Aaron’s story wasn’t much different, except he’d wound up at the Judge Harwood Brown Boys’ Ranch, a place built and run by Quinn and several other guys who’d been boys in trouble themselves way back when and had been saved by old Judge Brown. When Aaron turned eighteen, Quinn had encouraged him to go to college, but he’d known college wasn’t for him. He wasn’t stupid, but he was no Einstein either. He made Quinn understand that he didn’t have the smarts for college. He’d been working for Quinn as his chauffeur and all-around gofer ever since. The pay was good, the benefits great.
Jace, another Judge Harwood Brown Boys’ Ranch alumnus, had been working for Quinn for the past year. He was a pretty kid, with hazel eyes and curly sandy brown hair that he kept short to control the curls, but Jace’s story wasn’t a pretty one. He’d admitted that he had been molested by a priest when he was twelve, which had screwed him up pretty bad. And it didn’t help that he’d grown up without a dad and had lost his mother, too, only a couple of years ago.
“I’ve booked us flights for tomorrow morning,” Marcy said. “And I’ve lined up a four-bedroom house and a rental car. I’m hoping the police will clear this up pretty quickly and we can all head home in a few days, but—”
“Aaron, who was at the door?” Wearing only his rumpled shirt, Gala stopped dead still in the doorway between the bedroom and living room. “Oops. Sorry.”
“We…er…we were just leaving.” Marcy started backing toward the door.
“Don’t leave on my account,” Gala said. “Stick around. I was just going to order pizza.”

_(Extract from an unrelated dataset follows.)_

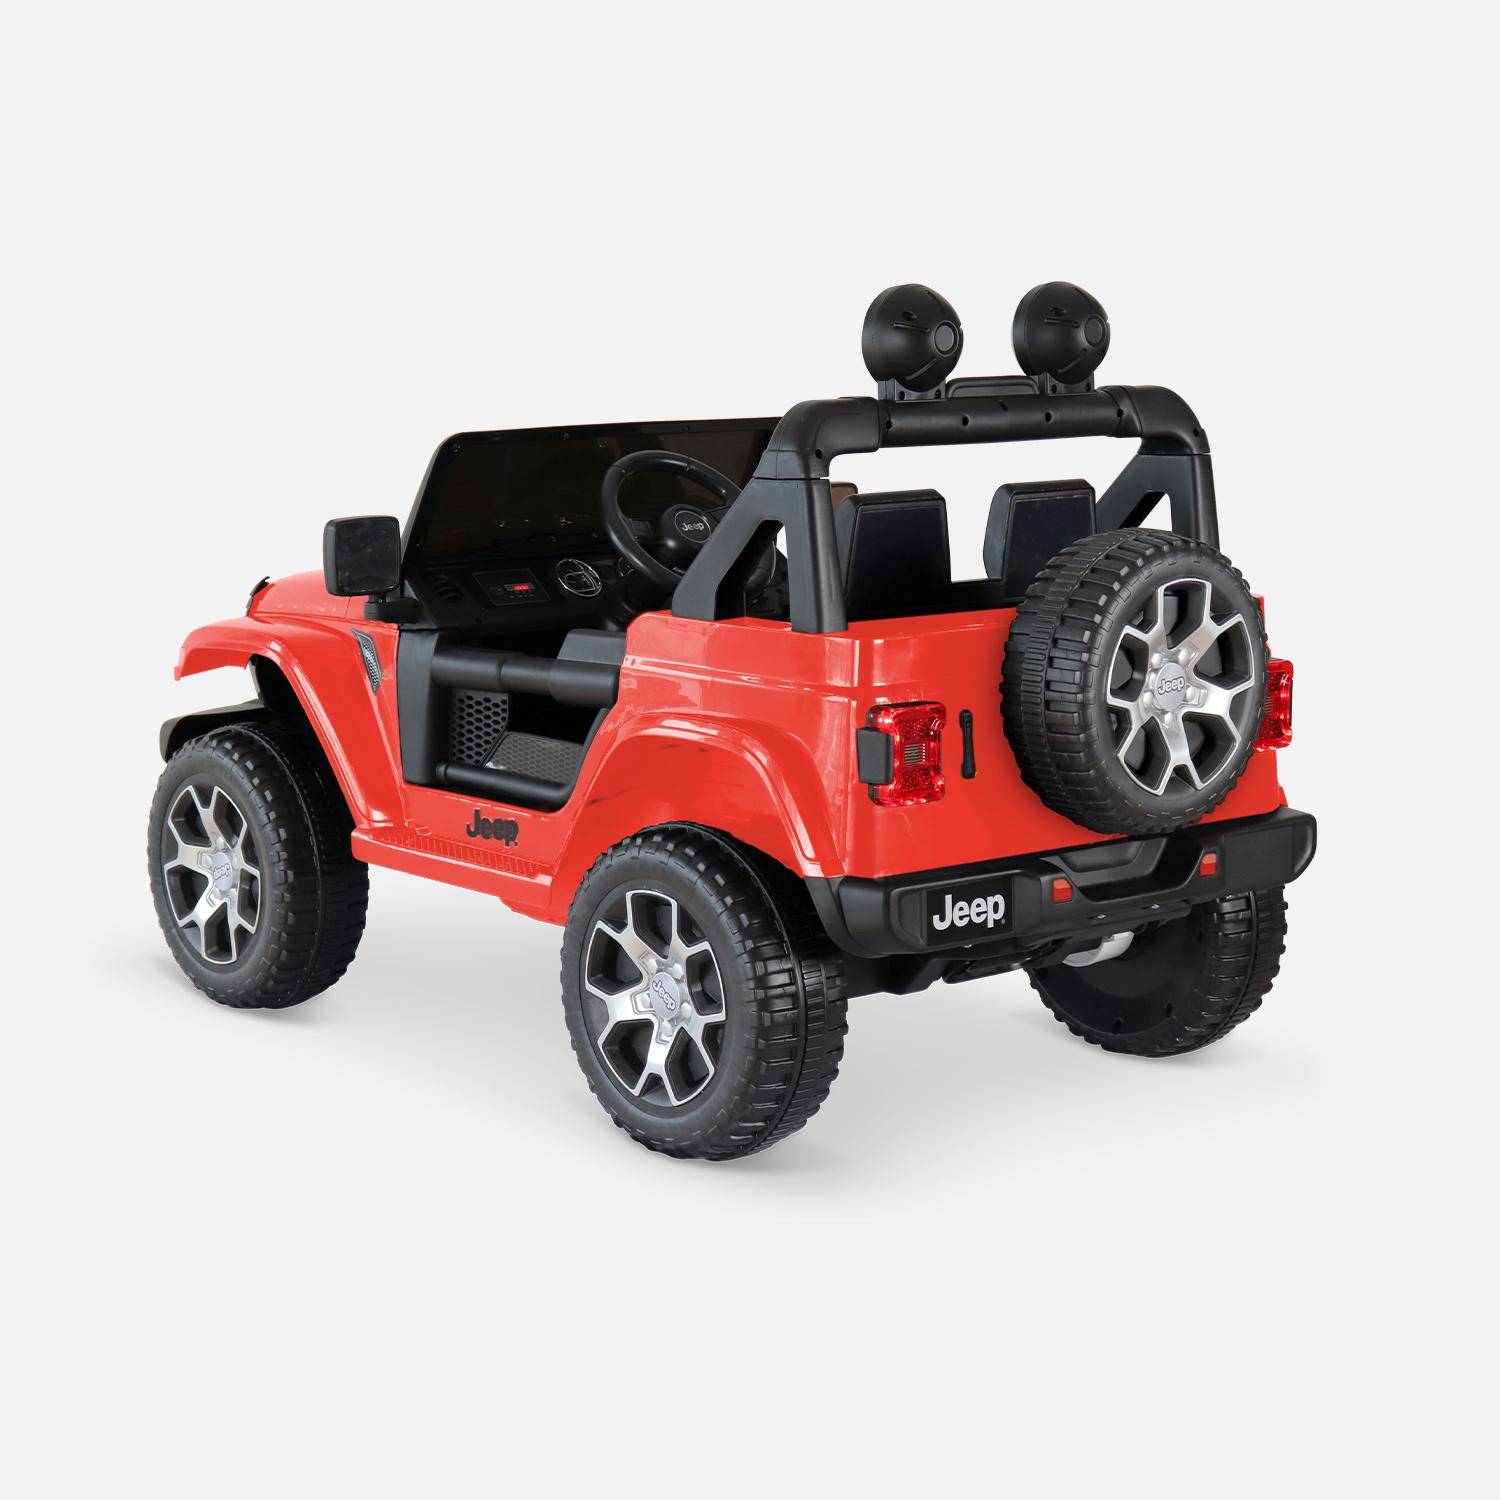 Carro eléctrico de 12V para crianças - JEEP Wrangler Rubicon 2 rodas motrizes, vermelho, 1 lugar, com auto-rádio, controlo remoto, MP3, porta USB / cartão SD, tomada jack e faróis funcionais Photo2

Marcy looked directly at Aaron. “Jace will pick you up at eight-thirty in the morning. Be ready.”
“No problem,” Aaron told her.
“Quinn’s counting on us, man,” Jace said, eyeing Gala disapprovingly. “We can’t let him down.”
“I get it, okay,” Aaron said. “I’ll be ready to go at eight-thirty in the morning.”

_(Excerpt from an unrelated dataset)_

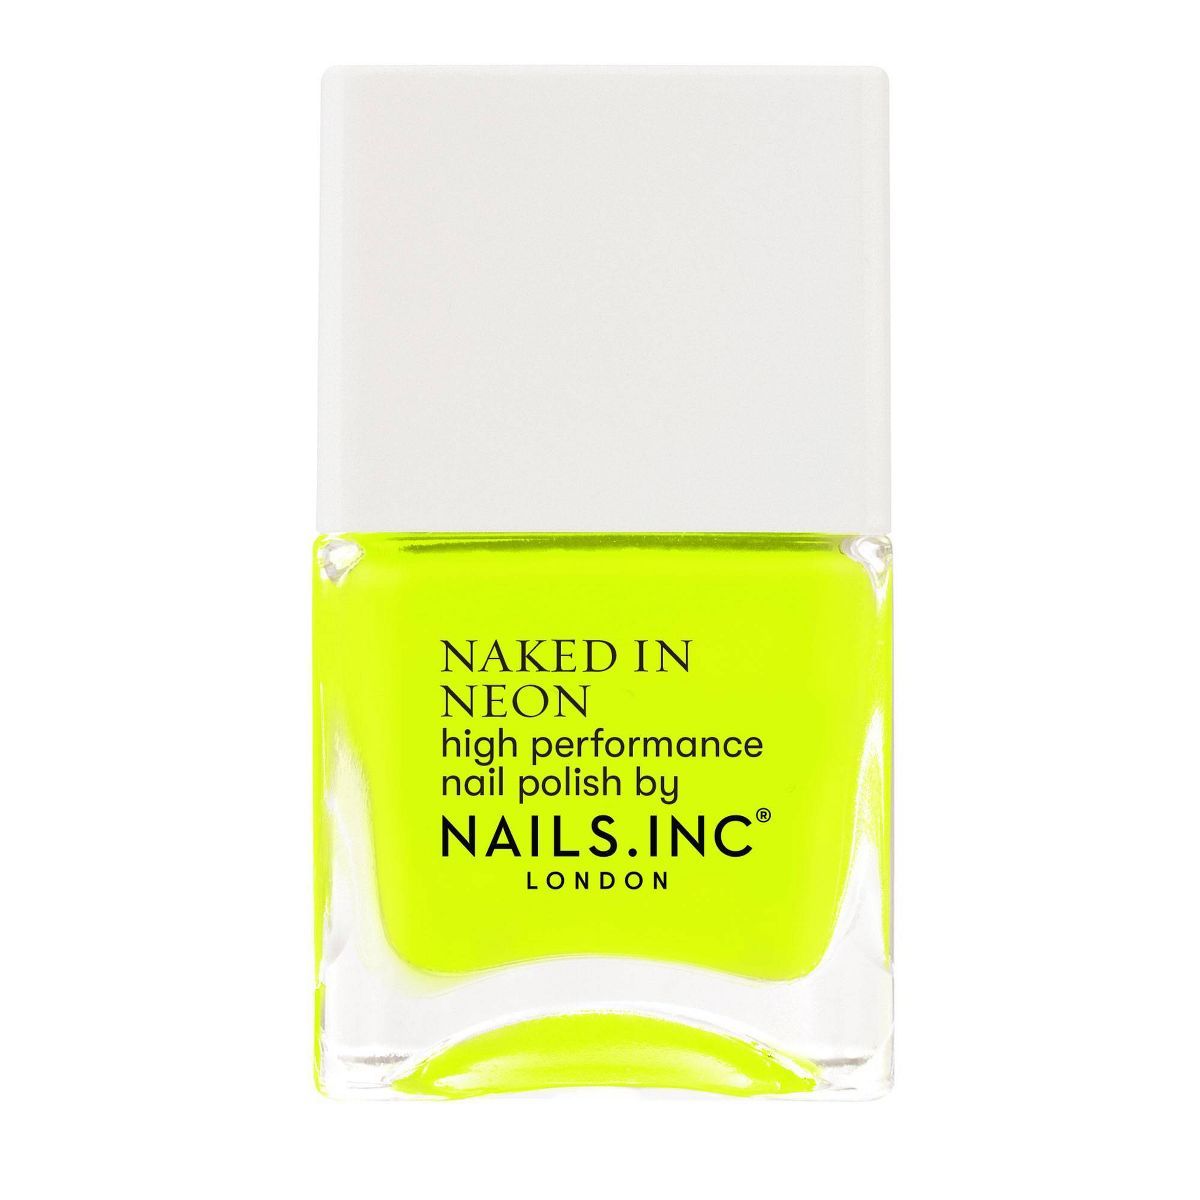 Nails Inc. Naked in Neon Nail Polish - 0.47 fl oz | Target

As much as Aaron admired and respected Quinn, he wasn’t in love with the guy like Marcy was nor did he worship the man the way Jace did. But he’d cut off his right arm before he’d let Quinn down.
“Let’s look at this rationally,” Griffin Powell said. “I can’t take on each of you individually as clients for obvious reasons, even if I assigned one of my employees to handle the case for one of you. However, if you two could work together, you could hire me jointly. After all, I assume you both want the same thing—to discover the identity of Lulu Vanderley’s murderer and see him brought to justice.”